* _DATA_:
[Start of Attachment]

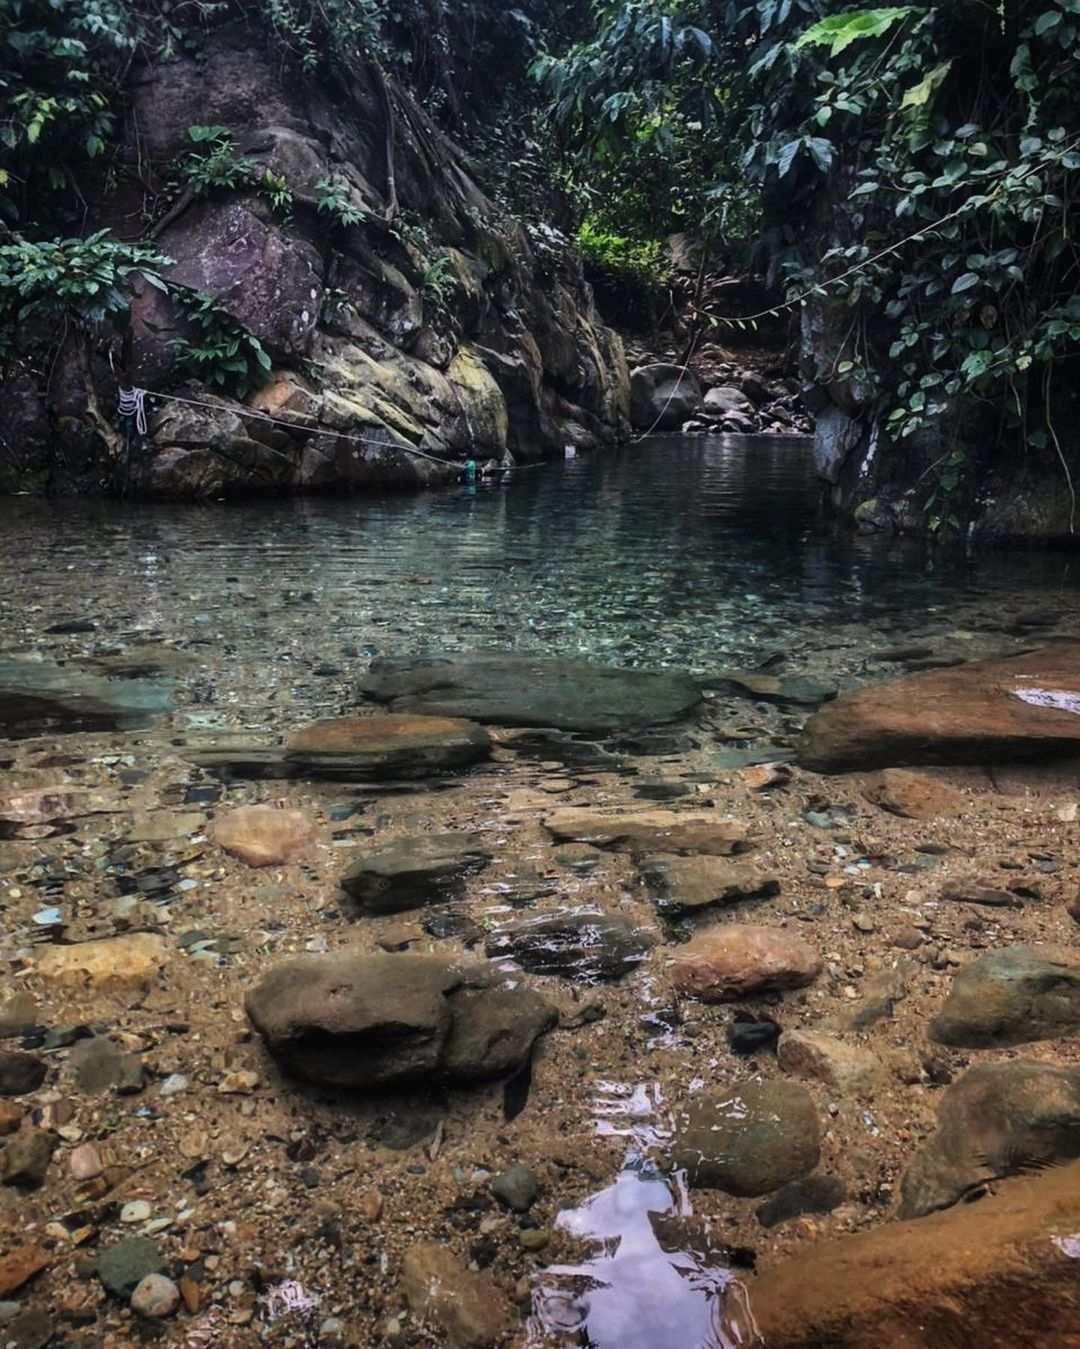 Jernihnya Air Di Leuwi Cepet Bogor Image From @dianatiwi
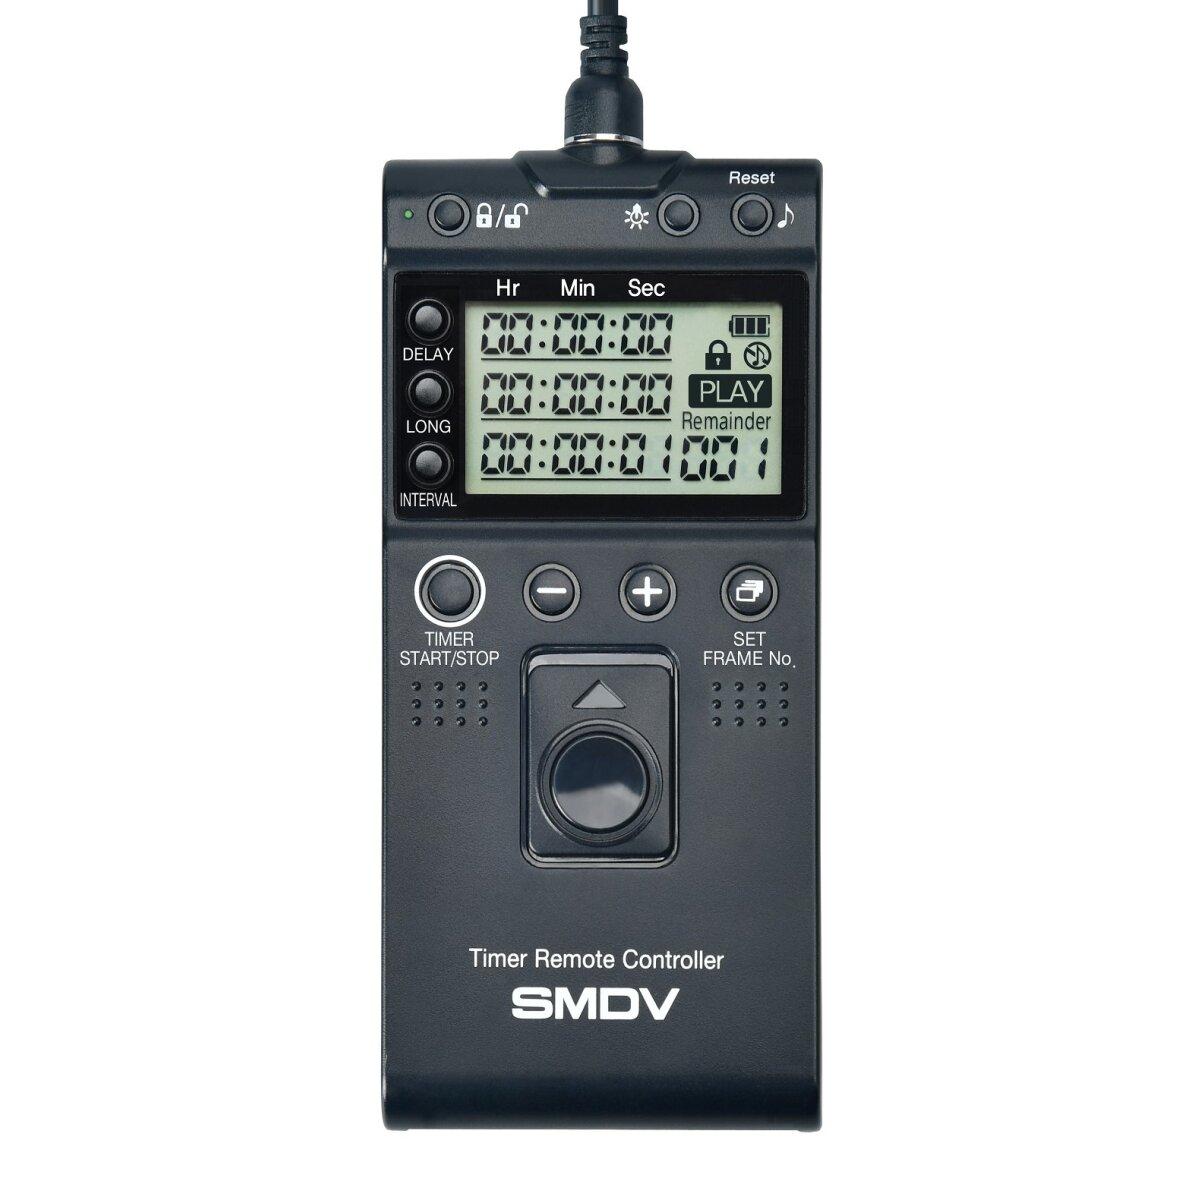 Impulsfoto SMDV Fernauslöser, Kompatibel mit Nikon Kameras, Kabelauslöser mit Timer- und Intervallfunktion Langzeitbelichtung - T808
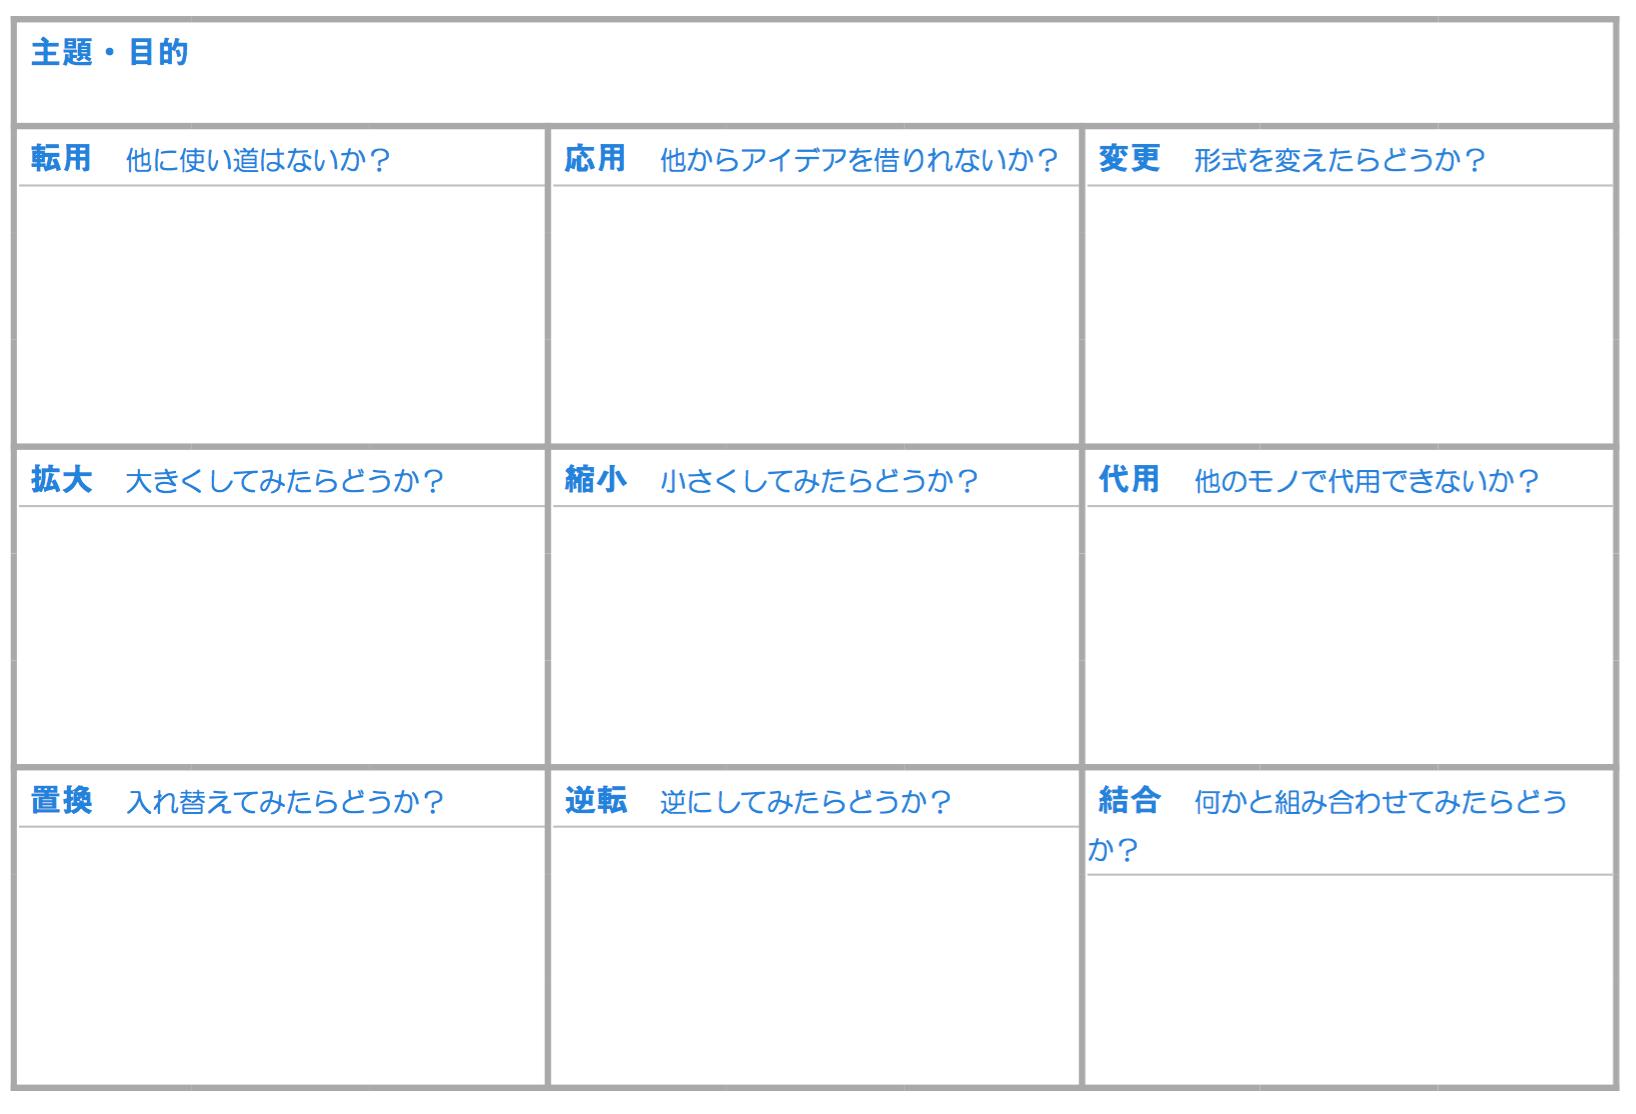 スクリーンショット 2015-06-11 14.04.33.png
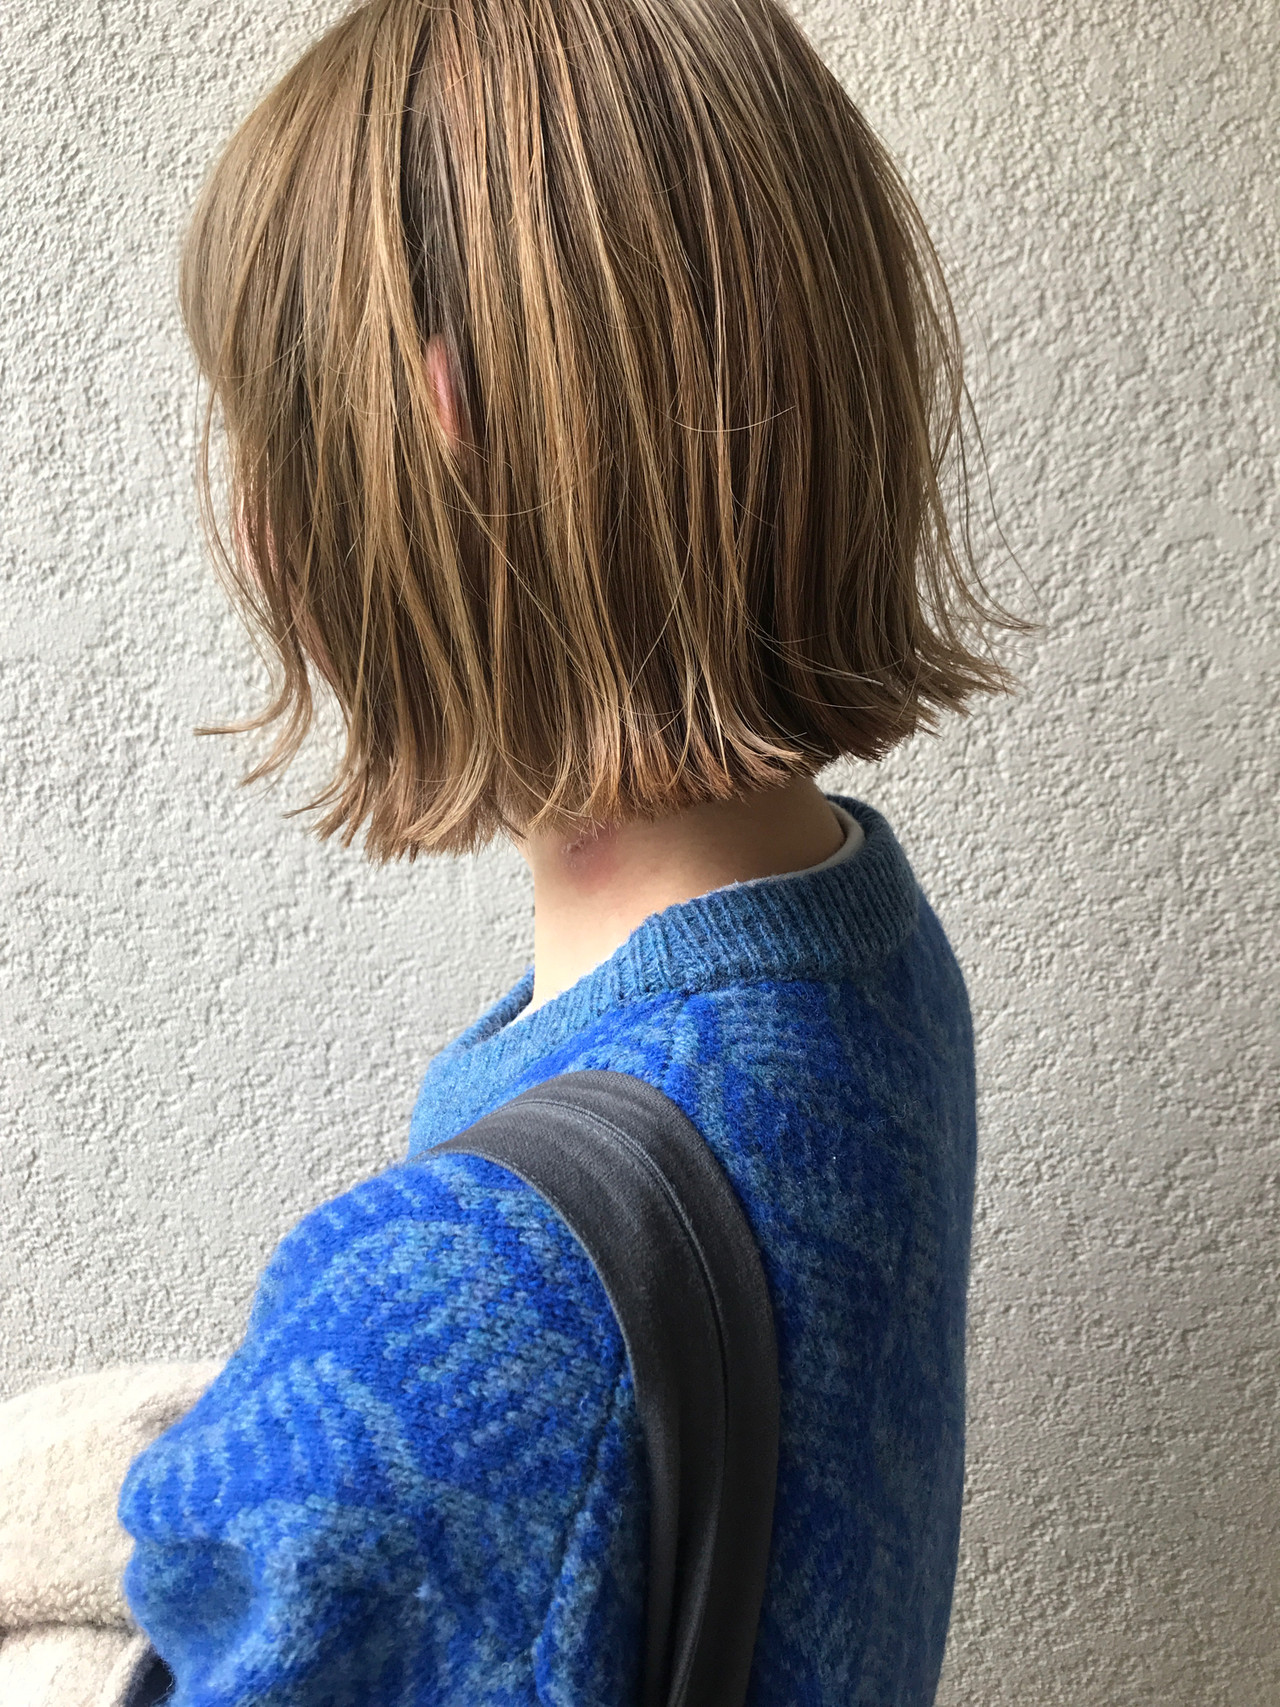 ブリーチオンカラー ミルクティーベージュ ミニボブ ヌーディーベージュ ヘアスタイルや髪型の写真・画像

[End of Attachment]

* _WHAT THE TASK REQUIRES_:
Only the pictures are to be left out; copy all the remaining material above exactly.

* _EXERCISE OUTPUT_:
 Jernihnya Air Di Leuwi Cepet Bogor Image From @dianatiwi
 Impulsfoto SMDV Fernauslöser, Kompatibel mit Nikon Kameras, Kabelauslöser mit Timer- und Intervallfunktion Langzeitbelichtung - T808
 スクリーンショット 2015-06-11 14.04.33.png
 ブリーチオンカラー ミルクティーベージュ ミニボブ ヌーディーベージュ ヘアスタイルや髪型の写真・画像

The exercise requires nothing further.